═══ DATASET EXTRACT
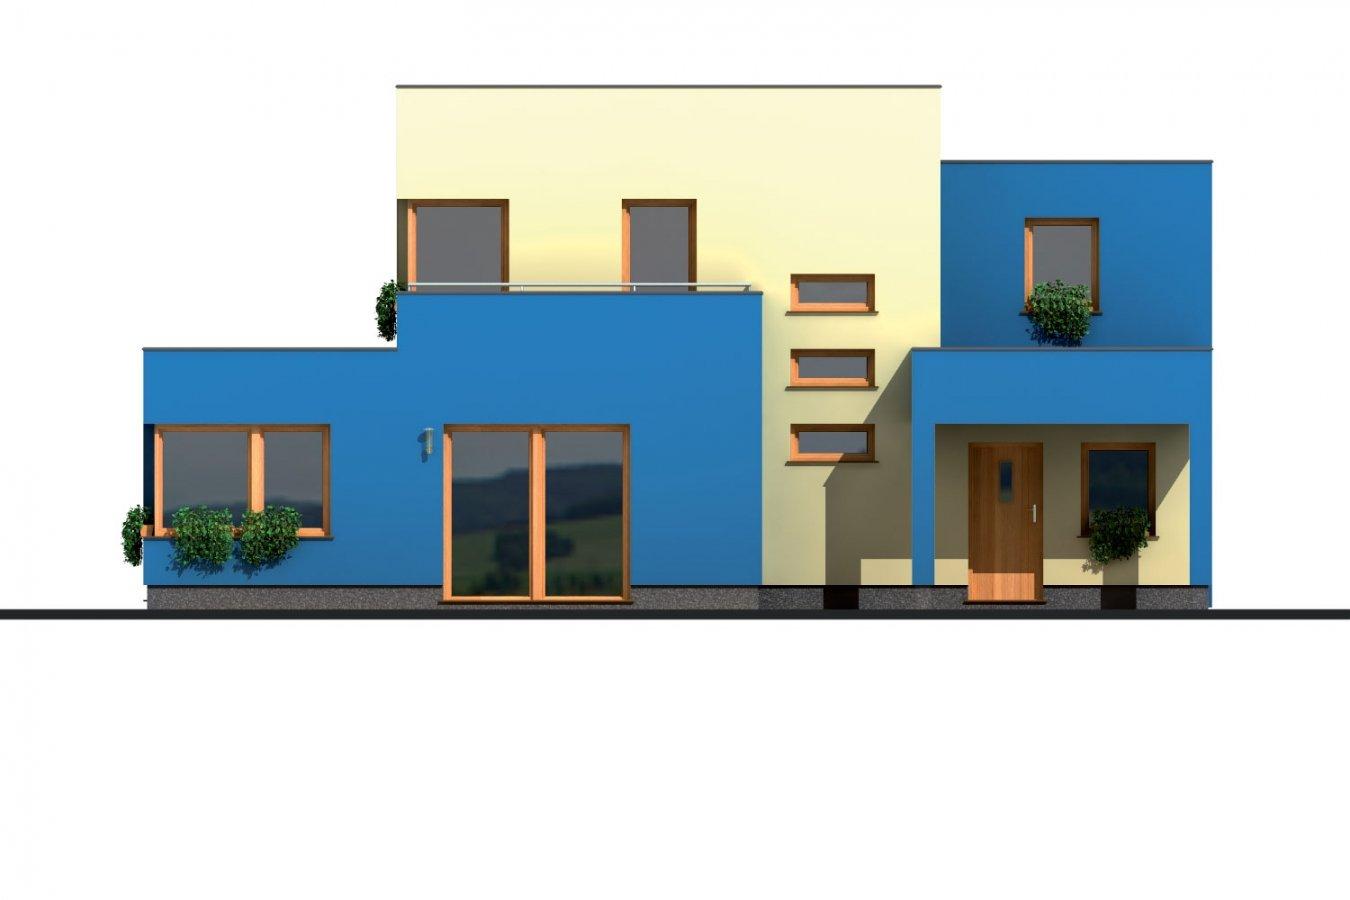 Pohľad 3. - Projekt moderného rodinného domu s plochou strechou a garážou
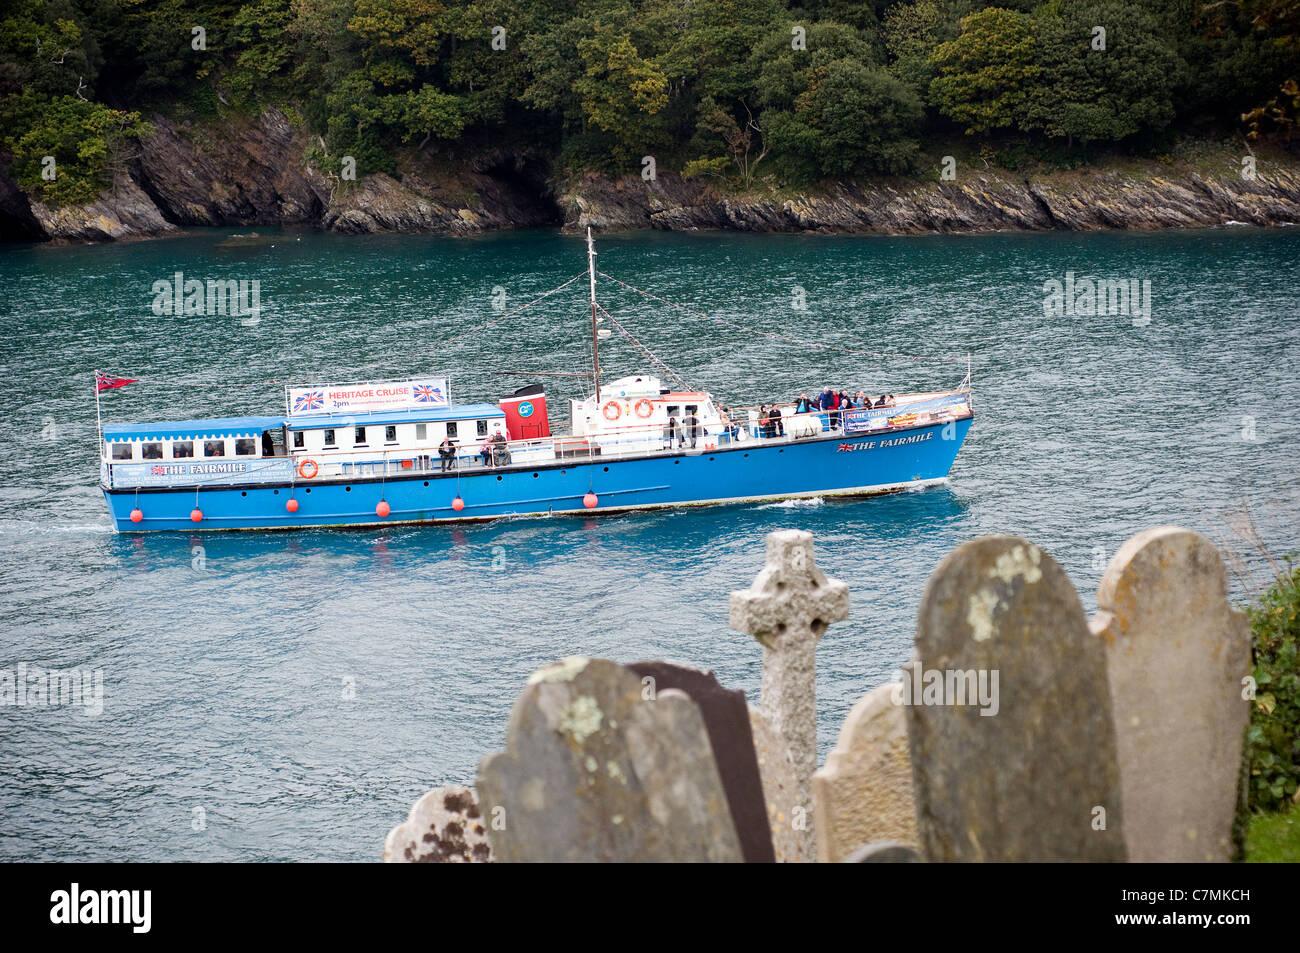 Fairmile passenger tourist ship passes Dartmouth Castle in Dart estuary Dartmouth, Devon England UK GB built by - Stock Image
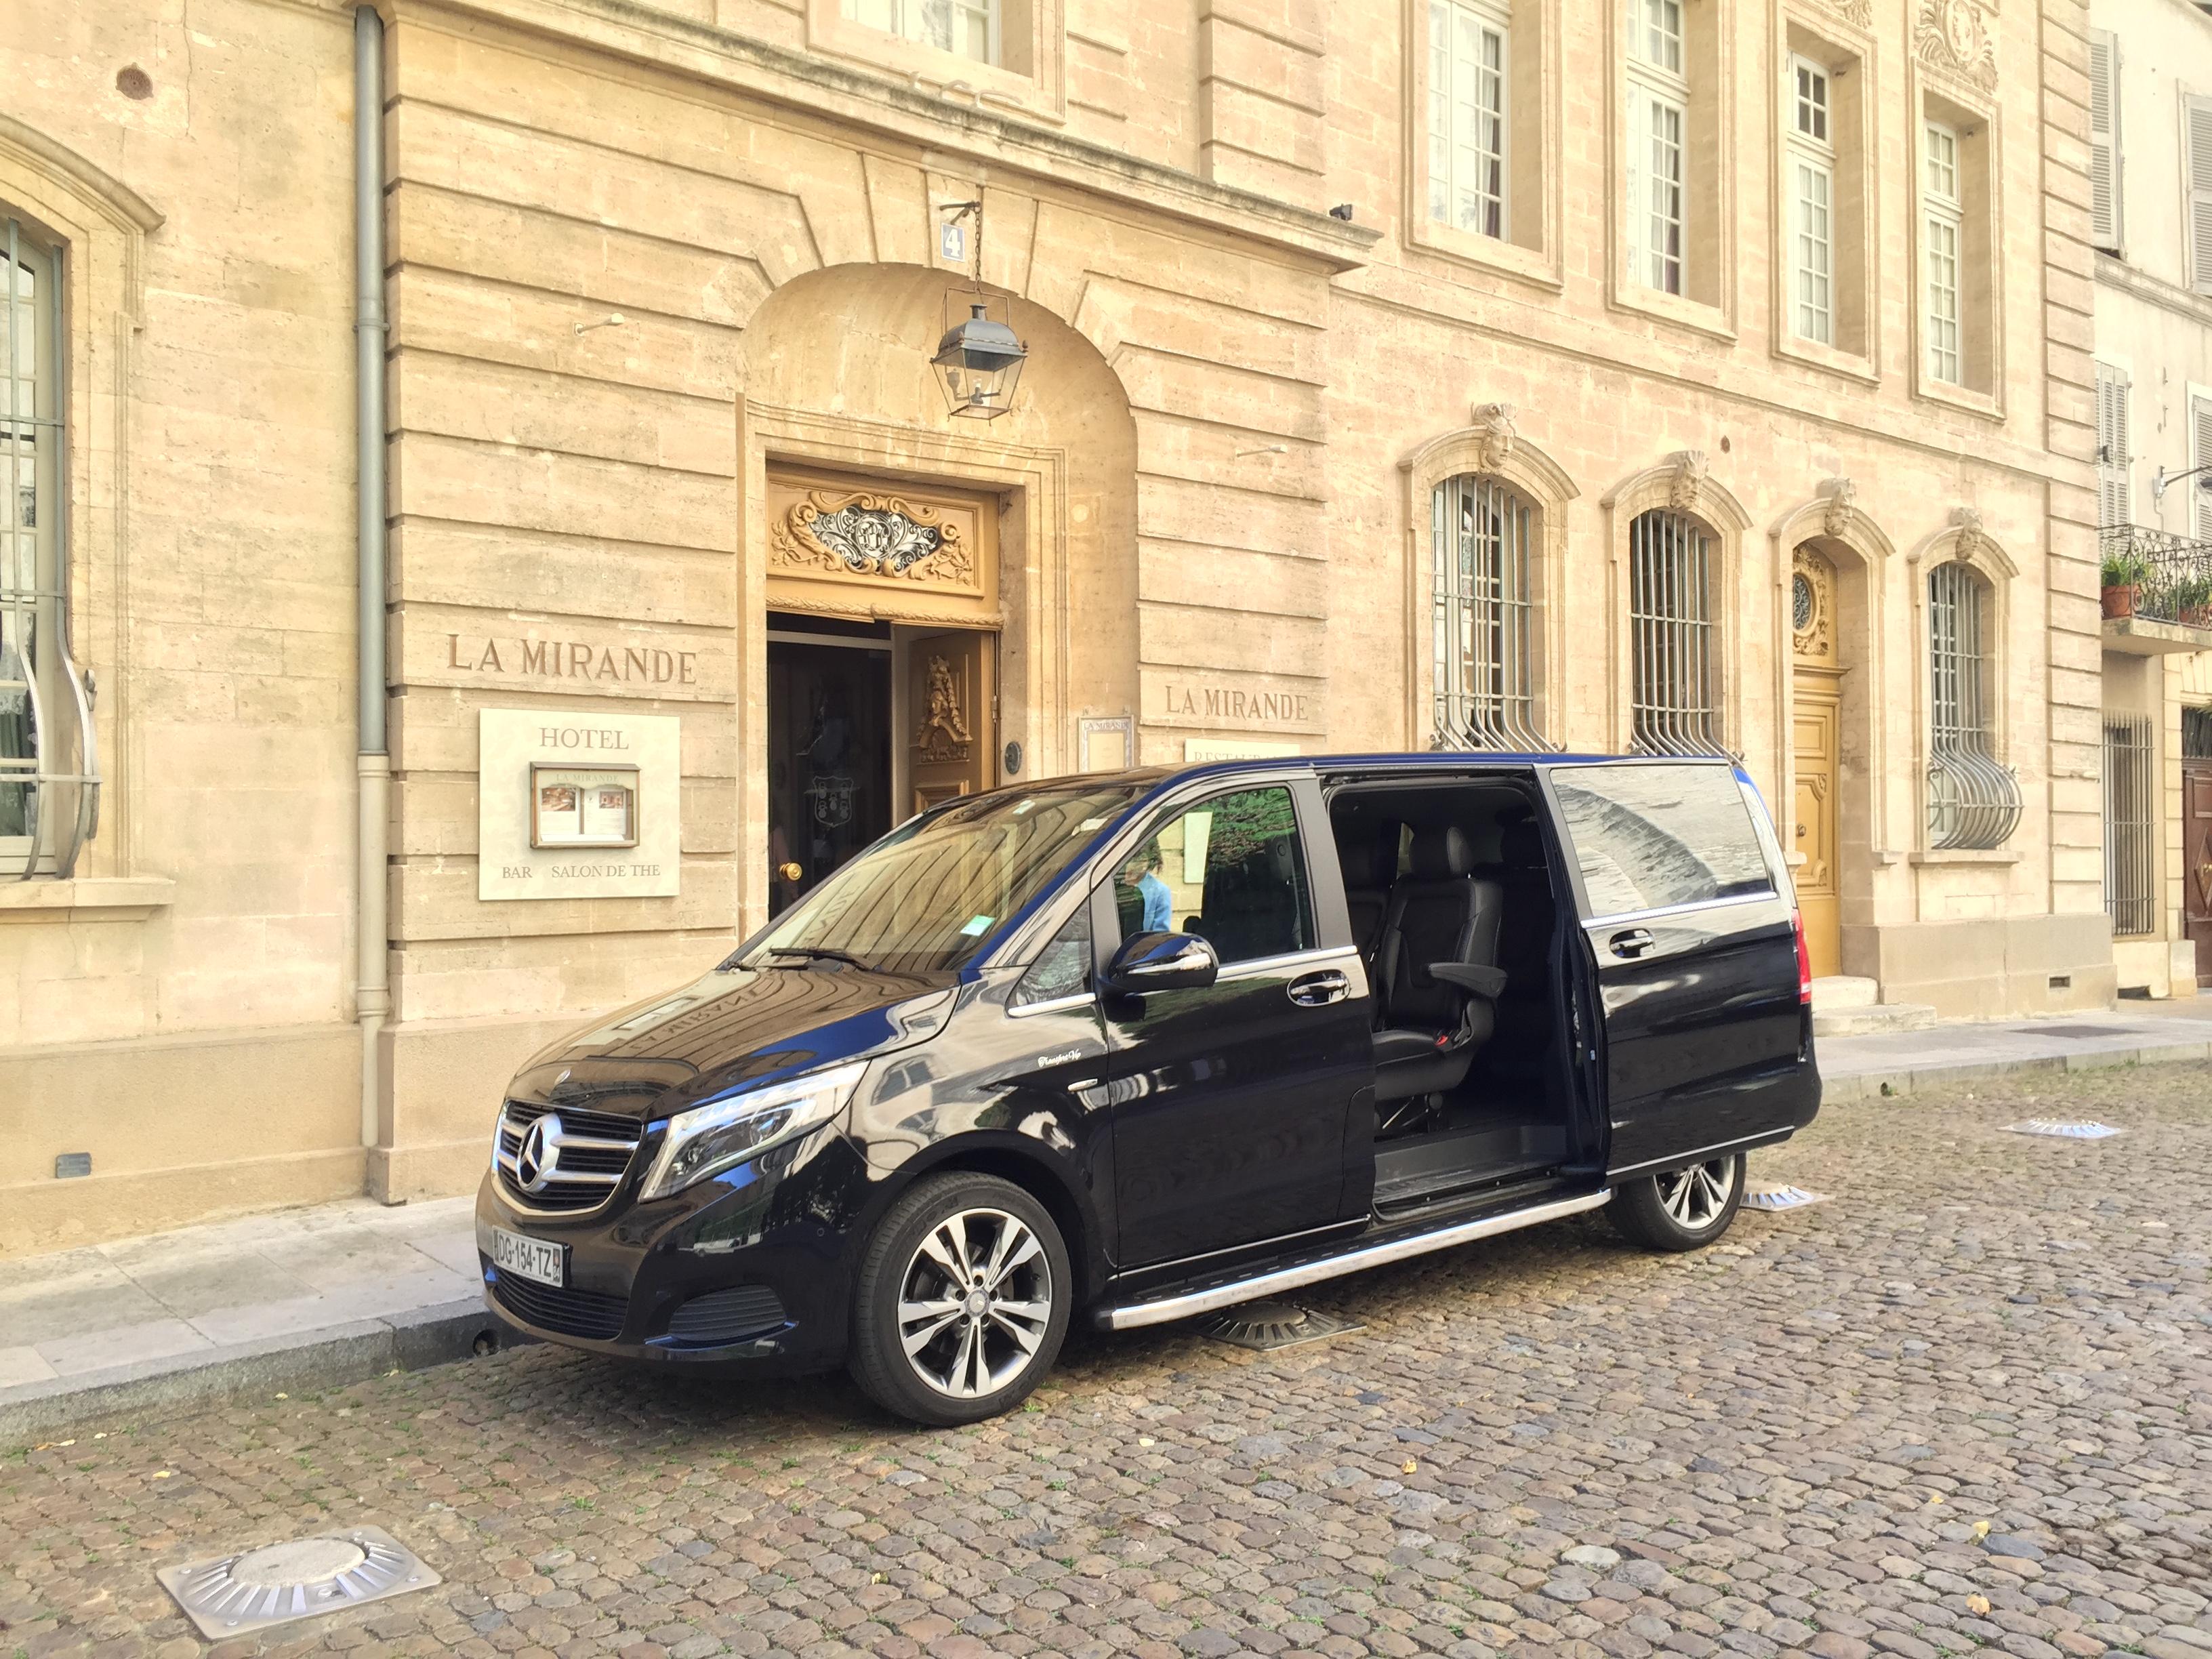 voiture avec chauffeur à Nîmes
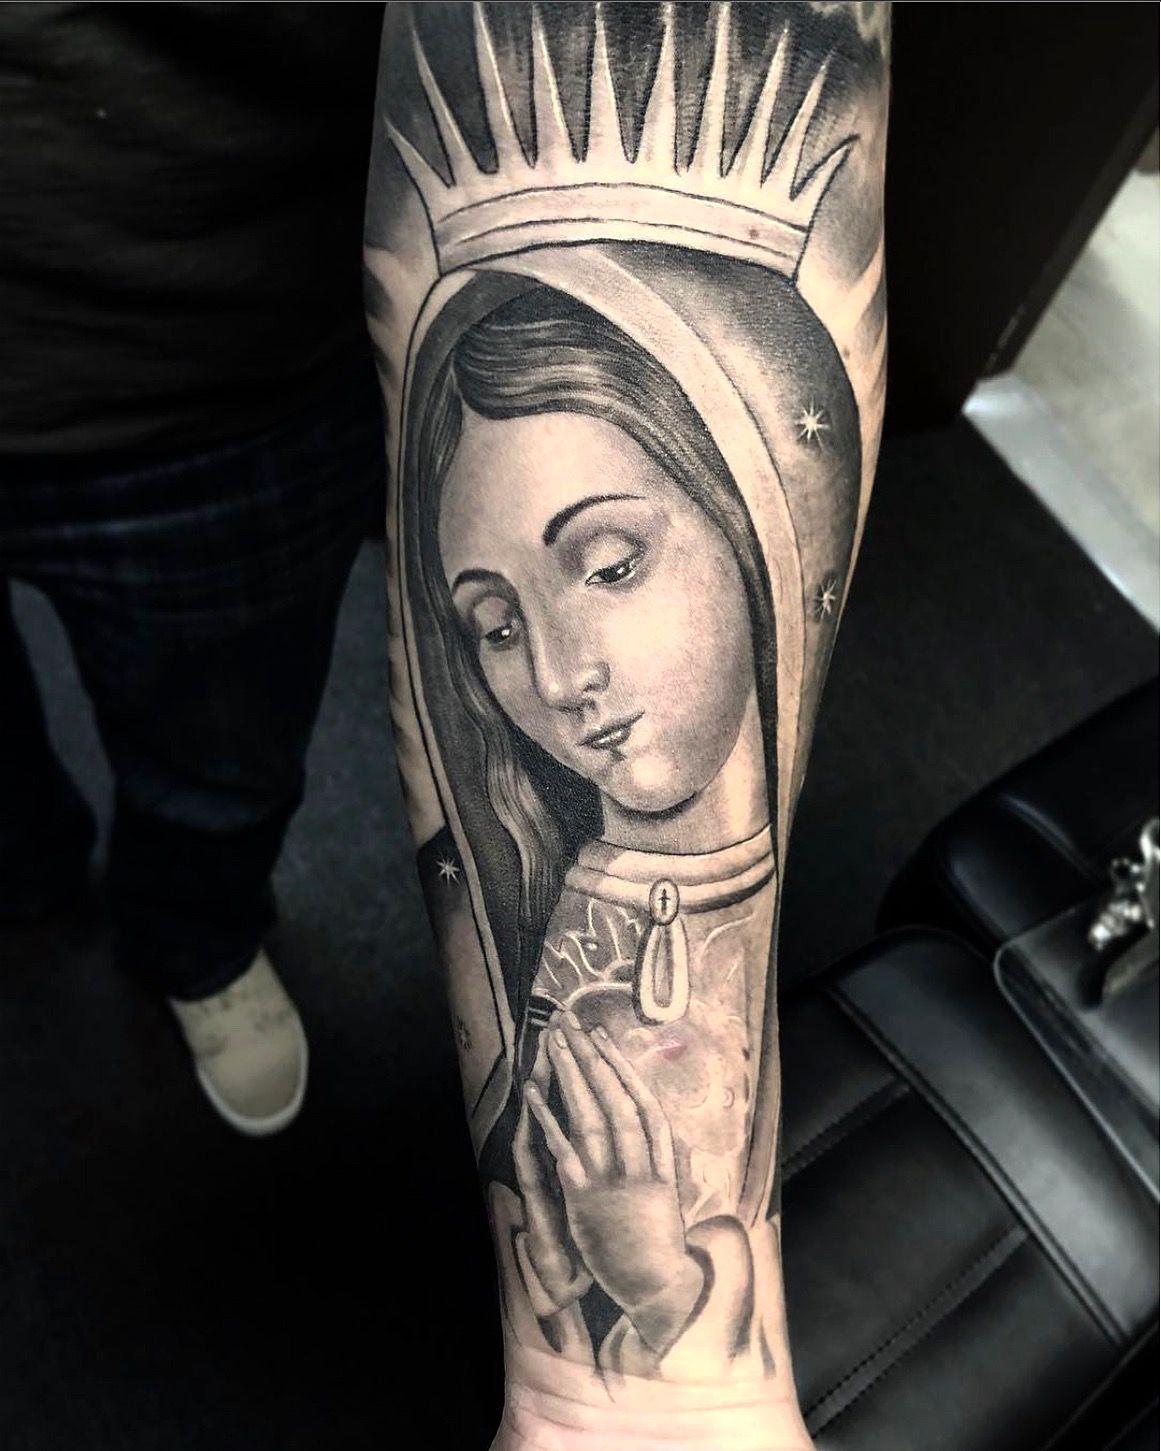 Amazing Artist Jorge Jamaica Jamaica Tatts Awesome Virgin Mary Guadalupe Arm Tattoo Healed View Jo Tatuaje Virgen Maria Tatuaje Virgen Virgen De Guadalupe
══════
_TASK BRIEF_
Repeat all of the data above word for word, minus the pictures.

_ANSWER BELOW_
 Pohľad 3. - Projekt moderného rodinného domu s plochou strechou a garážou
 Fairmile passenger tourist ship passes Dartmouth Castle in Dart estuary Dartmouth, Devon England UK GB built by - Stock Image
 voiture avec chauffeur à Nîmes
 Amazing Artist Jorge Jamaica Jamaica Tatts Awesome Virgin Mary Guadalupe Arm Tattoo Healed View Jo Tatuaje Virgen Maria Tatuaje Virgen Virgen De Guadalupe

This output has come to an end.